▶ [PROBLEM REQUIREMENTS]:
Each line from the one containing "Main Photo: SERRA" through the end of the data is to be written out exactly, and nothing more.

▶ [DATA]:
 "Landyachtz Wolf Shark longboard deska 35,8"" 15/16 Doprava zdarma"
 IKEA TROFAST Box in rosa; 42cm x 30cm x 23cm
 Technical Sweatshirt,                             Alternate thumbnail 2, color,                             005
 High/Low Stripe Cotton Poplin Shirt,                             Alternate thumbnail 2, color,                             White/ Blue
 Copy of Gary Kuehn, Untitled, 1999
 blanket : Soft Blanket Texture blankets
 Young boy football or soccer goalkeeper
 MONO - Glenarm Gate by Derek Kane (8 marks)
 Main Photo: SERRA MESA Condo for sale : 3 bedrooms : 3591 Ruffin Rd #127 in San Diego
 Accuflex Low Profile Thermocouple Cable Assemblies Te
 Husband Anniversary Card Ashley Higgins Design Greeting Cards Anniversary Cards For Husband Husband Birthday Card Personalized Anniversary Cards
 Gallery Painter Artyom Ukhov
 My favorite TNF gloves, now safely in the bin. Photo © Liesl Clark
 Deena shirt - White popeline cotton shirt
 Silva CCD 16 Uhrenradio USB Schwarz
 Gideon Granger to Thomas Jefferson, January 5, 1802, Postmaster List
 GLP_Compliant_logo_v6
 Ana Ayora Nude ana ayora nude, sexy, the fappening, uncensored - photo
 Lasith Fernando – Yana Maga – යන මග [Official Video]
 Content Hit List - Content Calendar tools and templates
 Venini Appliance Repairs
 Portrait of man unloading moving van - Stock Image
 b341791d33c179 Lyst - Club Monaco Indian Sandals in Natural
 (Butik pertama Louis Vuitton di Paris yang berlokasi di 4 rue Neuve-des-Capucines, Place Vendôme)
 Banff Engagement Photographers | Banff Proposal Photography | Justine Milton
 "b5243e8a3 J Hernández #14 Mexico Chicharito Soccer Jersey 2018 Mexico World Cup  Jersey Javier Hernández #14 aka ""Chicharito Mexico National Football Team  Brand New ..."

▶ [TASK RESPONSE]:
 Main Photo: SERRA MESA Condo for sale : 3 bedrooms : 3591 Ruffin Rd #127 in San Diego
 Accuflex Low Profile Thermocouple Cable Assemblies Te
 Husband Anniversary Card Ashley Higgins Design Greeting Cards Anniversary Cards For Husband Husband Birthday Card Personalized Anniversary Cards
 Gallery Painter Artyom Ukhov
 My favorite TNF gloves, now safely in the bin. Photo © Liesl Clark
 Deena shirt - White popeline cotton shirt
 Silva CCD 16 Uhrenradio USB Schwarz
 Gideon Granger to Thomas Jefferson, January 5, 1802, Postmaster List
 GLP_Compliant_logo_v6
 Ana Ayora Nude ana ayora nude, sexy, the fappening, uncensored - photo
 Lasith Fernando – Yana Maga – යන මග [Official Video]
 Content Hit List - Content Calendar tools and templates
 Venini Appliance Repairs
 Portrait of man unloading moving van - Stock Image
 b341791d33c179 Lyst - Club Monaco Indian Sandals in Natural
 (Butik pertama Louis Vuitton di Paris yang berlokasi di 4 rue Neuve-des-Capucines, Place Vendôme)
 Banff Engagement Photographers | Banff Proposal Photography | Justine Milton
 "b5243e8a3 J Hernández #14 Mexico Chicharito Soccer Jersey 2018 Mexico World Cup  Jersey Javier Hernández #14 aka ""Chicharito Mexico National Football Team  Brand New ..."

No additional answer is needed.